Ces trois sortes d'hommes avaient quatre bras, quatre jambes et deux visages. Ils étaient robustes et tournaient rapidement sur eux-mêmes comme des roues. Leur force leur inspira l'audace de combattre les dieux à l'exemple des Géants. Jupiter, ne pouvant souffrir une telle insolence...
—Michon, est-ce que la jupe ne traîne pas trop à gauche ? demanda Nanteuil.
—... résolut, poursuivit le docteur, de les rendre moins forts et moins hardis. Il sépara chaque homme en deux, de manière qu'il n'eut plus que deux bras, deux jambes et une tête, et la race humaine fut dès lors ce qu'elle est aujourd'hui. Chacun de nous n'est donc qu'une moitié d'homme qui a été séparée de son tout comme on divise une sole en deux parts. Ces moitiés cherchent toujours leurs moitiés. L'amour que nous avons les uns pour les autres n'est que la force qui nous pousse à réunir nos deux moitiés pour nous rétablir dans notre ancienne perfection. Les hommes qui proviennent de la séparation des androgynes aiment les femmes ; les femmes qui ont cette même origine aiment les hommes. Mais les femmes qui proviennent de la séparation des femmes primitives n'accordent pas grande attention aux hommes et sont portées vers les femmes. Ne soyez donc plus surprise quand vous voyez...
—C'est vous, docteur, qui avez imaginé cette histoire-là ? demanda Nanteuil, en piquant une rose à son corsage.
Le docteur se défendit avec force d'en avoir rien inventé. Au contraire, il en avait, disait-il, retranché une partie.
—Tant mieux ! s'écria Nanteuil. Parce que je vais vous dire : Celui qui a trouvé ça n'est pas malin.

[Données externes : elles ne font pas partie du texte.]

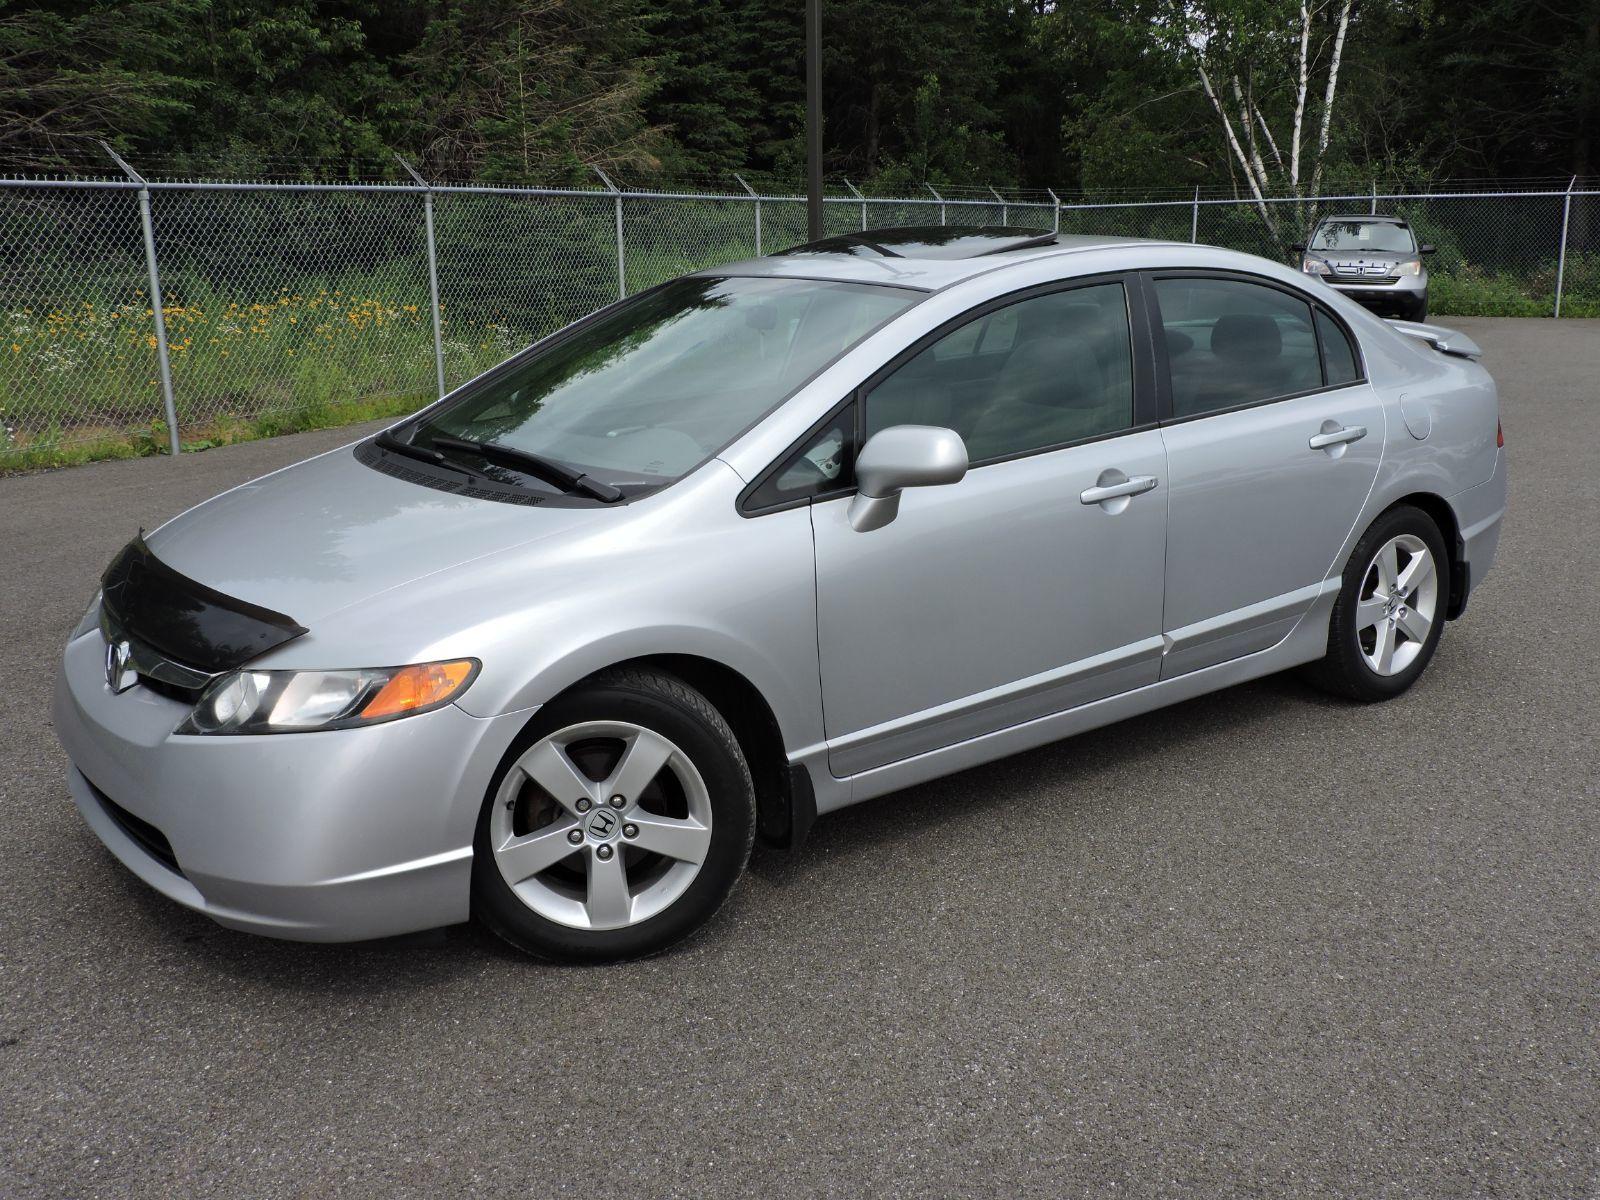 Kekurangan Honda Civic 2007 Murah Berkualitas
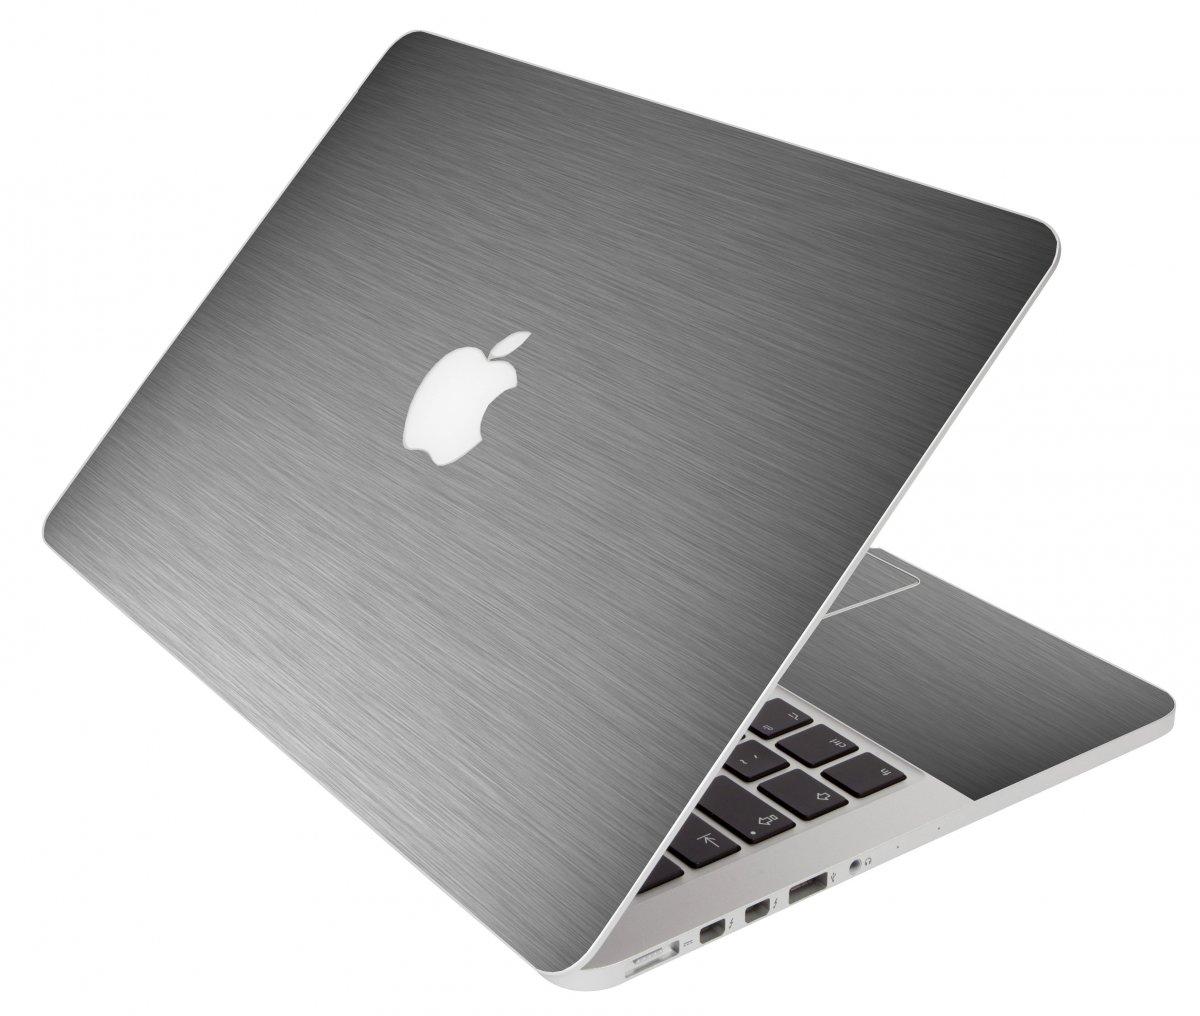 Mts#2 Apple Macbook Air 11 A1370 Laptop Skin

—Il est mort, dit Trublet.
Nanteuil exprima de nouveau le dégoût que lui inspirait sa partenaire ; mais madame Doulce, qui était prudente et déjeunait quelquefois chez Jeanne Perrin, détourna la conversation.

—Enfin, mignonne, tu le tiens, le rôle d'Angélique. Seulement, rappelle-toi ce que je t'ai dit : il faut garder le geste un peu étroit, la taille un peu raide. C'est le secret des ingénues. Défie-toi de ta jolie souplesse naturelle. Les jeunes filles du répertoire doivent être un rien poupée.